No se entiende sino que la ministra Vallejo anuncie públicamente acuerdos (que no son tales), provocando enojo en la oposición y los presidentes del Senado y la Cámara de Diputados, y retardando las conversaciones para elaborar una nueva Constitución; ni que la ministra Tohá (supuestamente de izquierda moderada) haya dicho que quería bailar cueca con un acuerdo firmado y contar con una Constitución aprobada antes del quincuagésimo aniversario del 11 de septiembre de 1973. La izquierda da importancia a los hitos simbólicos, pero estos, para adquirir valor, deben tener algún sentido de realidad. Y los chilenos que esperan disfrutar las Fiestas Patrias no están preocupados de que se logren rápidos acuerdos que puedan borrar los efectos políticos que para la izquierda tuvo el plebiscito y que puedan llevar, junto al pie forzado de terminar antes del 11 de septiembre de 2023, a producir un borrador de Constitución tan deficiente como el que acaban de rechazar.
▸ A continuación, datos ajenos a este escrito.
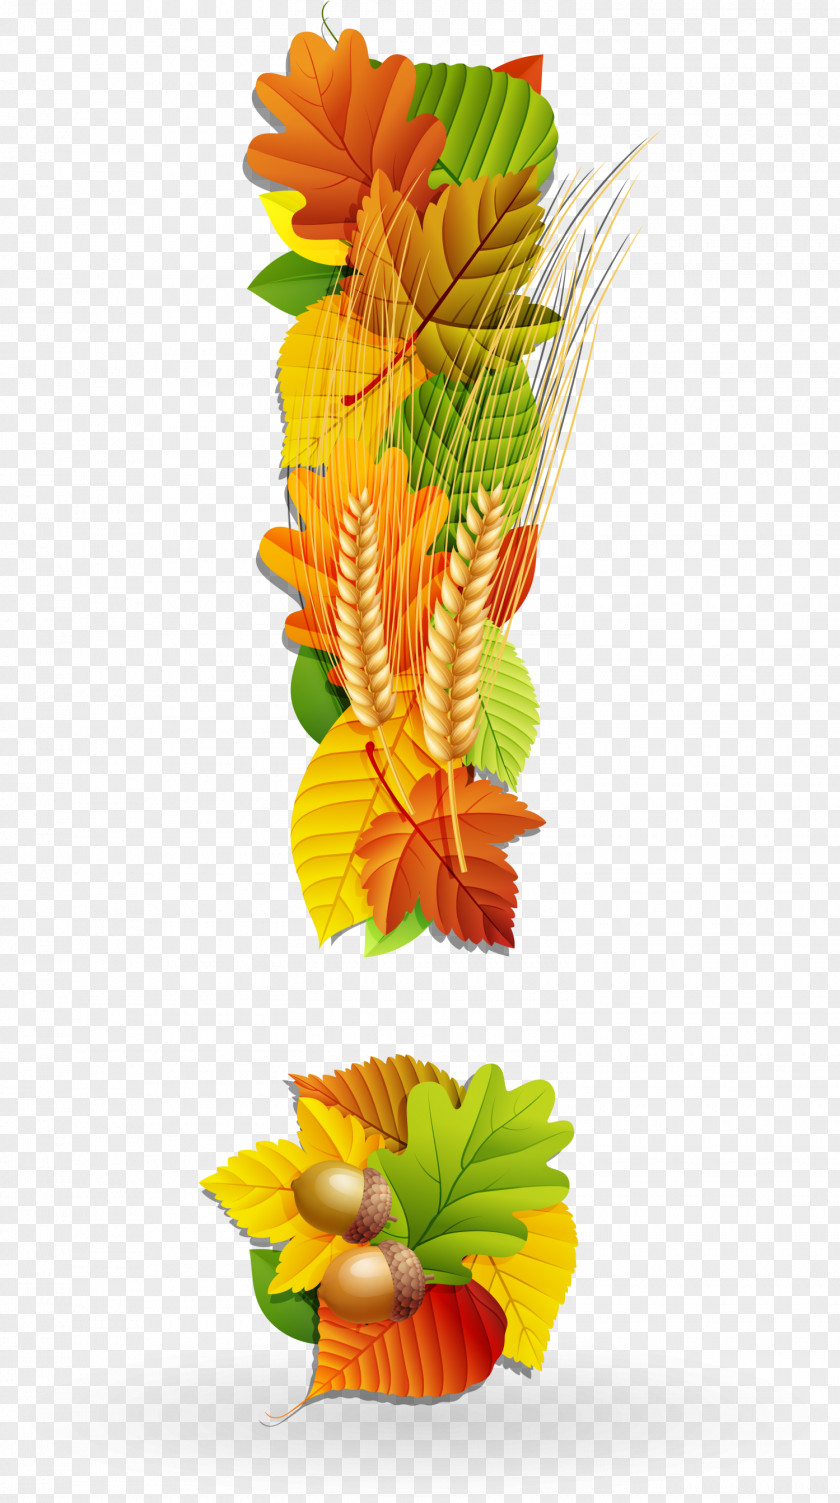 Autumn Leaves Exclamation Mark Floral Design Maple Leaf PNG

Ello y ciertas reacciones apresuradas de la derecha han dado la sensación de que no es el bienestar de la gente lo que motiva a los políticos, sino la posibilidad de acumular más poder y protagonismo.
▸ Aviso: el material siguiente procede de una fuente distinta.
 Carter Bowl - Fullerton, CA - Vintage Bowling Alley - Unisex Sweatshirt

Pero el poder en política se obtiene por el mandato popular. Y la izquierda ha sufrido un verdadero portazo de la ciudadanía. Ha sido Felipe Schwember quien ha caracterizado mejor esa derrota, al señalar que el plebiscito ha derribado el mito de que el pueblo de Chile no ha disfrutado jamás de una verdadera democracia, ya que las constituciones que el país se ha dado solo han favorecido a las élites que han precarizado, oprimido, colonizado y heteronormado a la mayoría; y también el de que la izquierda radical tiene una suerte de representación por defecto de ese pueblo oprimido. La izquierda había logrado instalar estas dos ideas y sin embargo, cuando ese pueblo representado auténticamente en la Convención pudo al fin expresarse en un borrador de Constitución, vio su proyecto pulverizado por la voluntad popular.
No hay un mandato de la ciudadanía para que una convención elegida elabore un proyecto, eso caducó, abrumadoramente, el 4 de septiembre, y hoy es solo una posibilidad entre otras. Sí hay, en cambio, una voluntad mayoritaria de contar con una nueva Constitución que sepultará el mito con que la izquierda radical ha pretendido embaucar a los chilenos. Ello, pese a la magnanimidad que hoy piden, con cierto descaro, quienes ayer proclamaban estar situados en el lado correcto de la historia.